Exercise goal: Exactly the lines from the line that has "DATOUBOSS Pure Sine" through the final line below are to be retyped, and the pictures are not.

Dataset content:
::::::::::
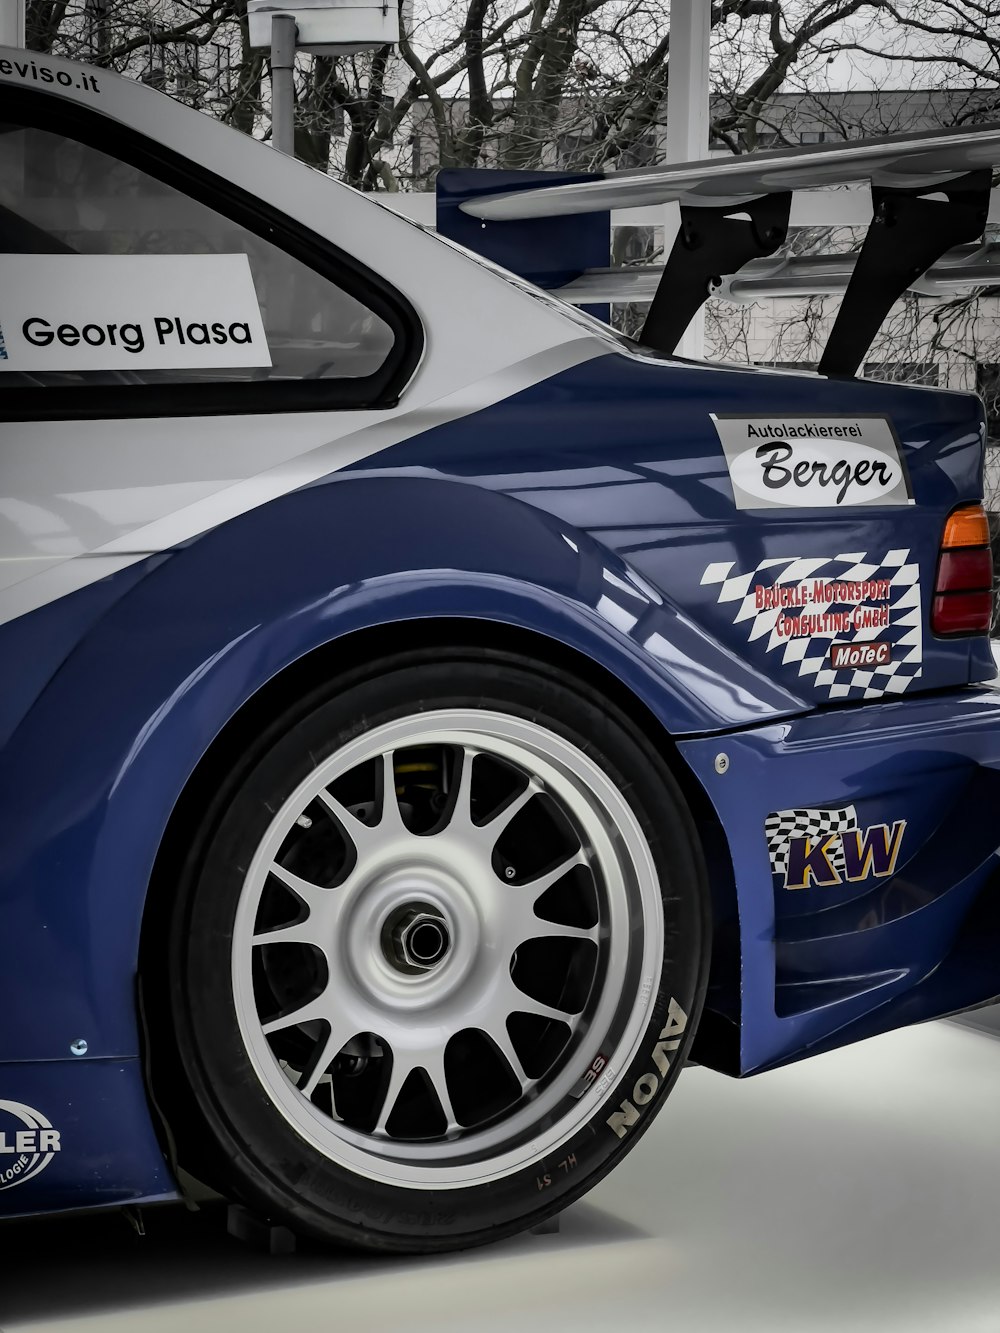 a close up of the rear end of a race car
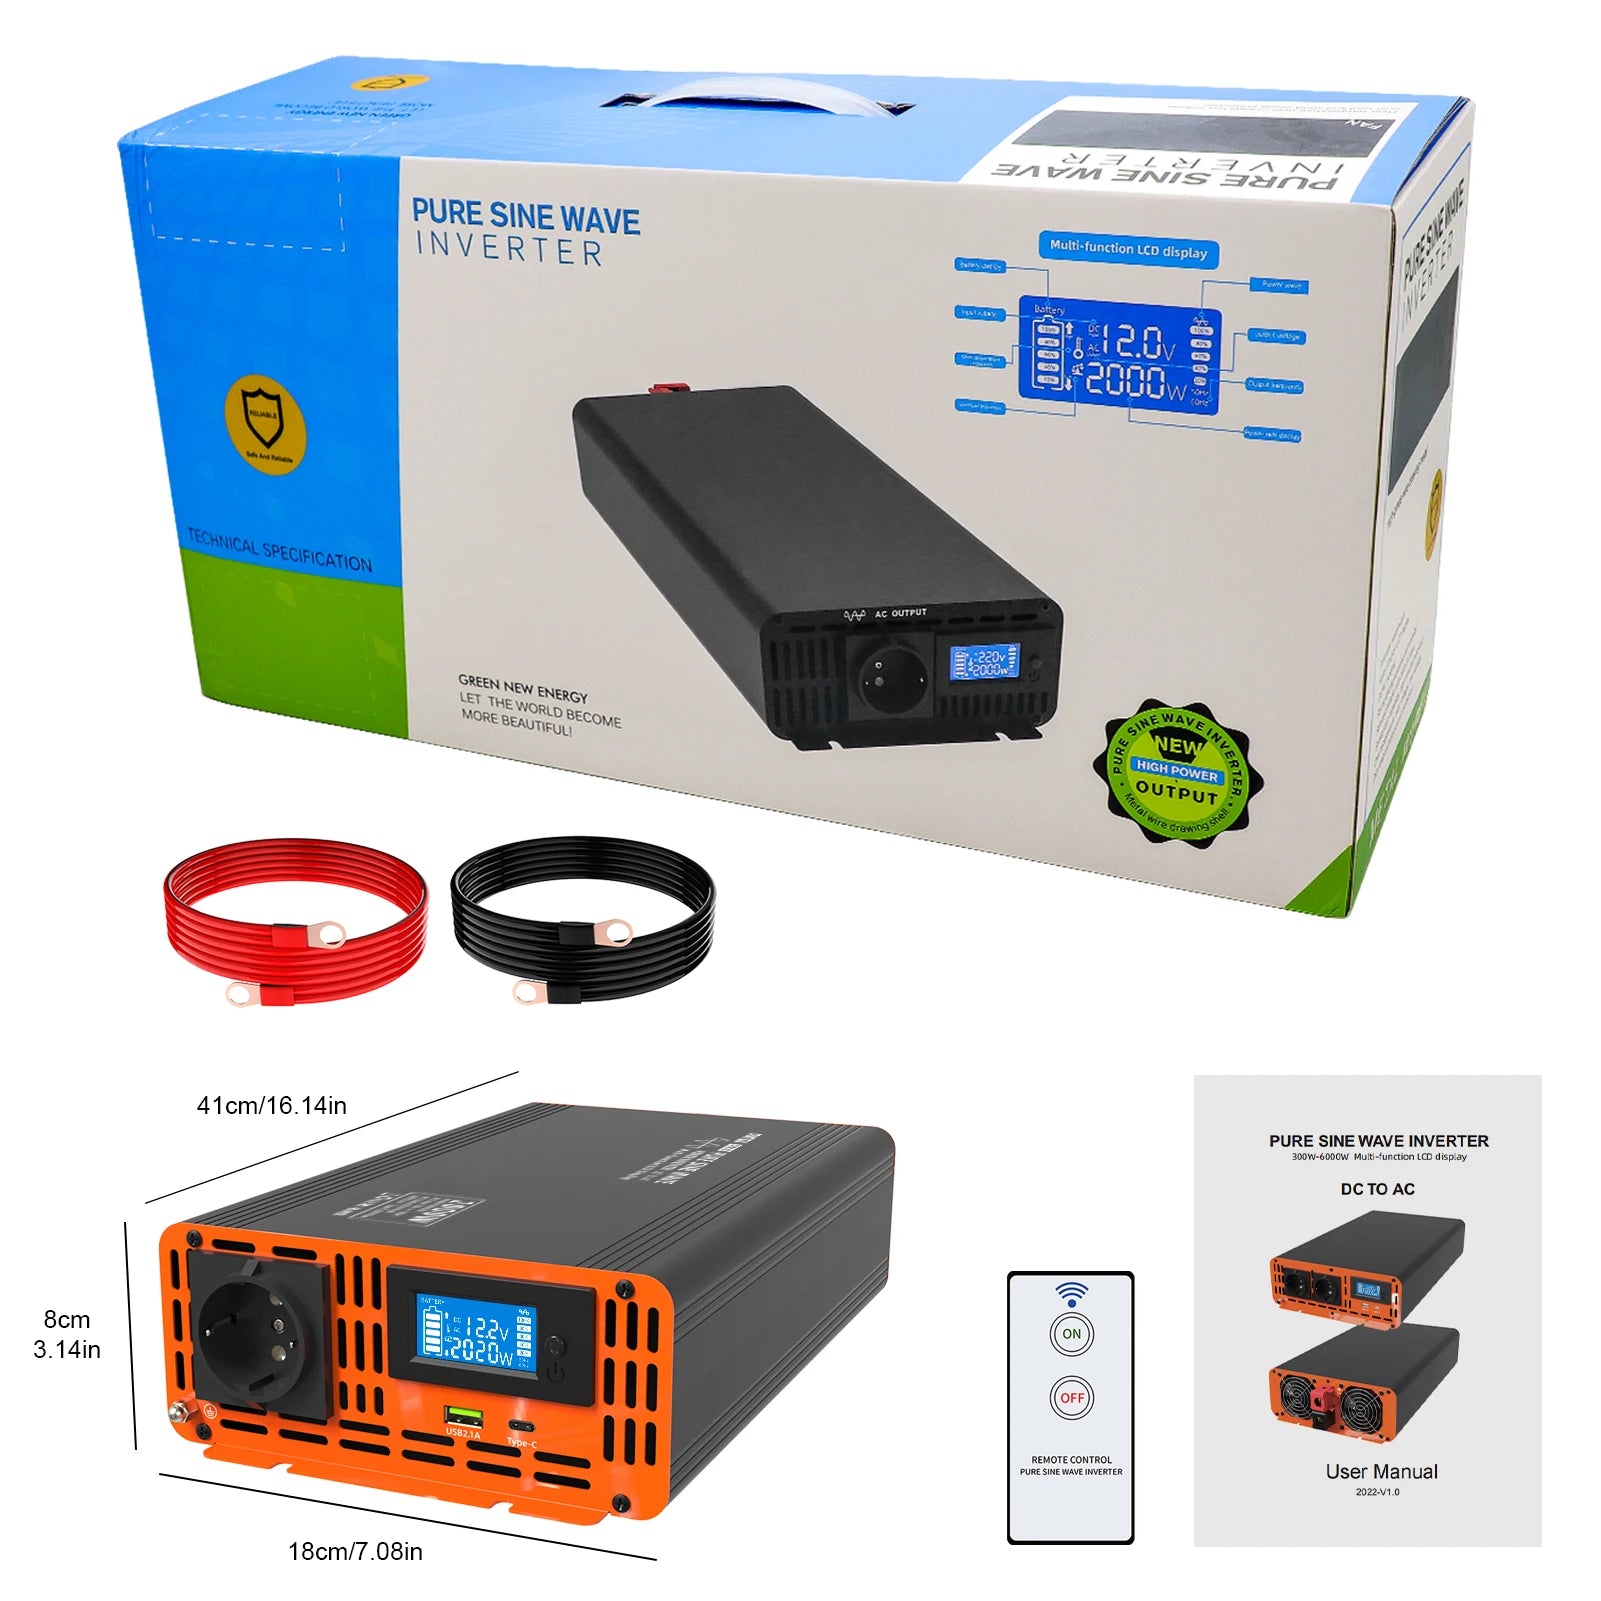 DATOUBOSS Pure Sine Wave Inverter, High-power inverter converting DC to AC power with LCD display and remote control.
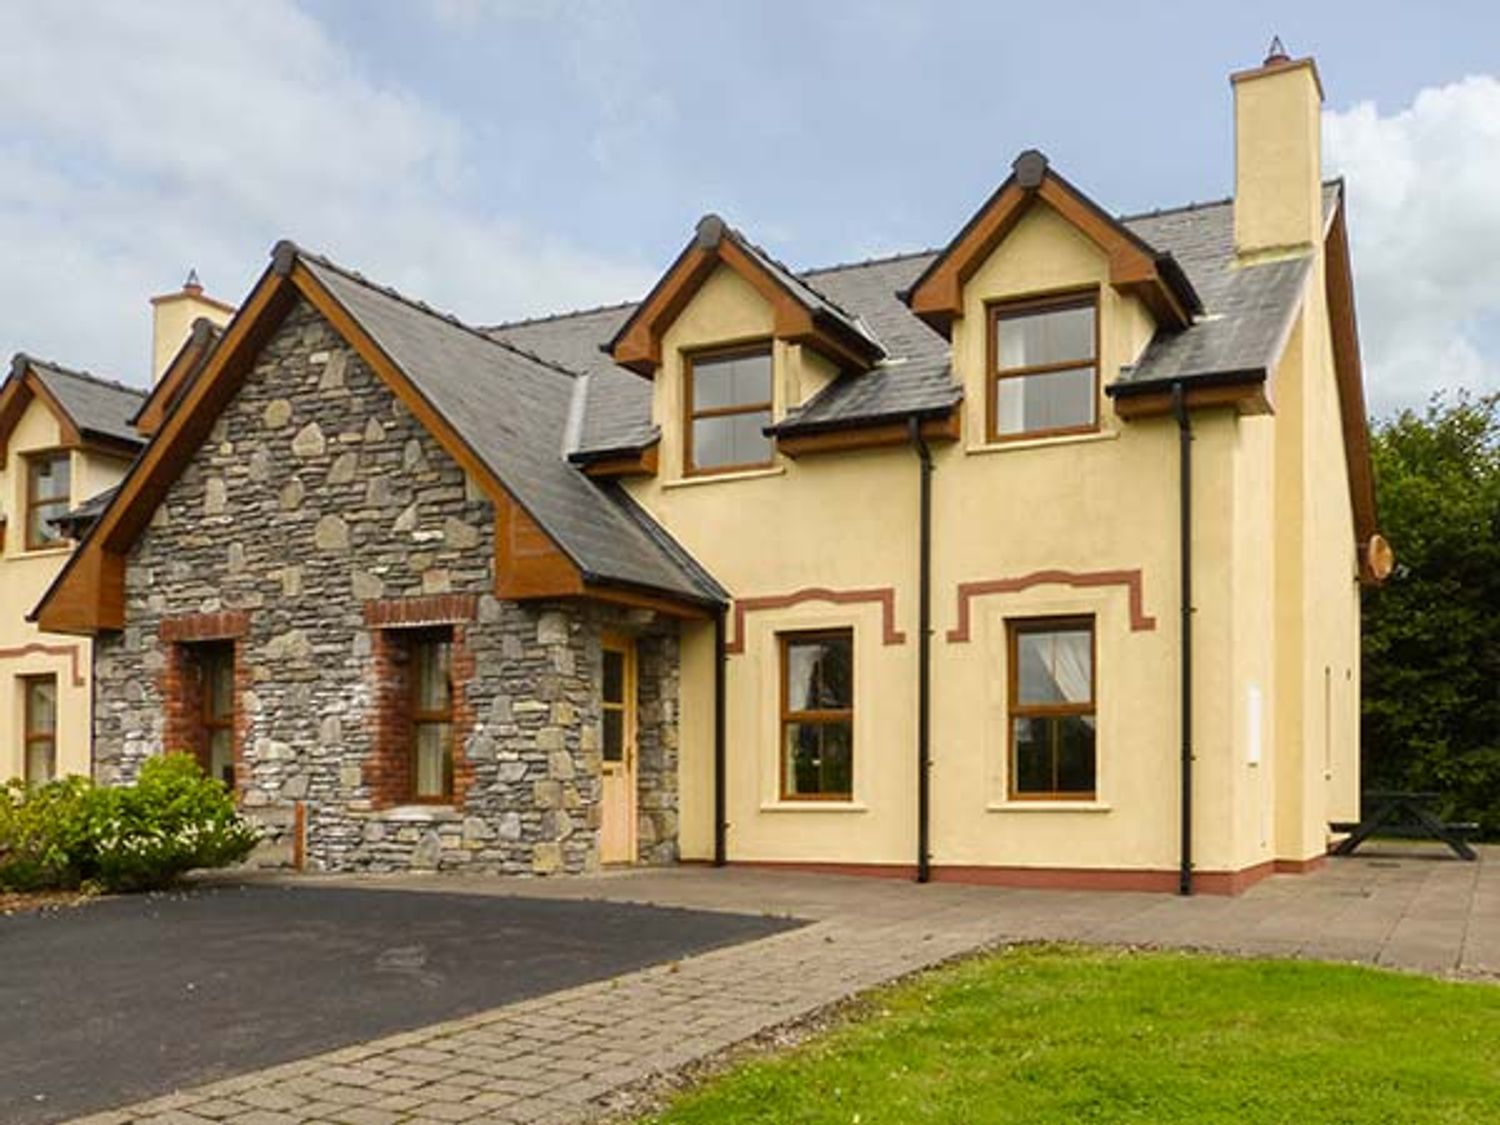 Kenmare Bay Cottage - County Kerry - 927027 - photo 1
::::::::::
Answer box:
 DATOUBOSS Pure Sine Wave Inverter, High-power inverter converting DC to AC power with LCD display and remote control.
 Kenmare Bay Cottage - County Kerry - 927027 - photo 1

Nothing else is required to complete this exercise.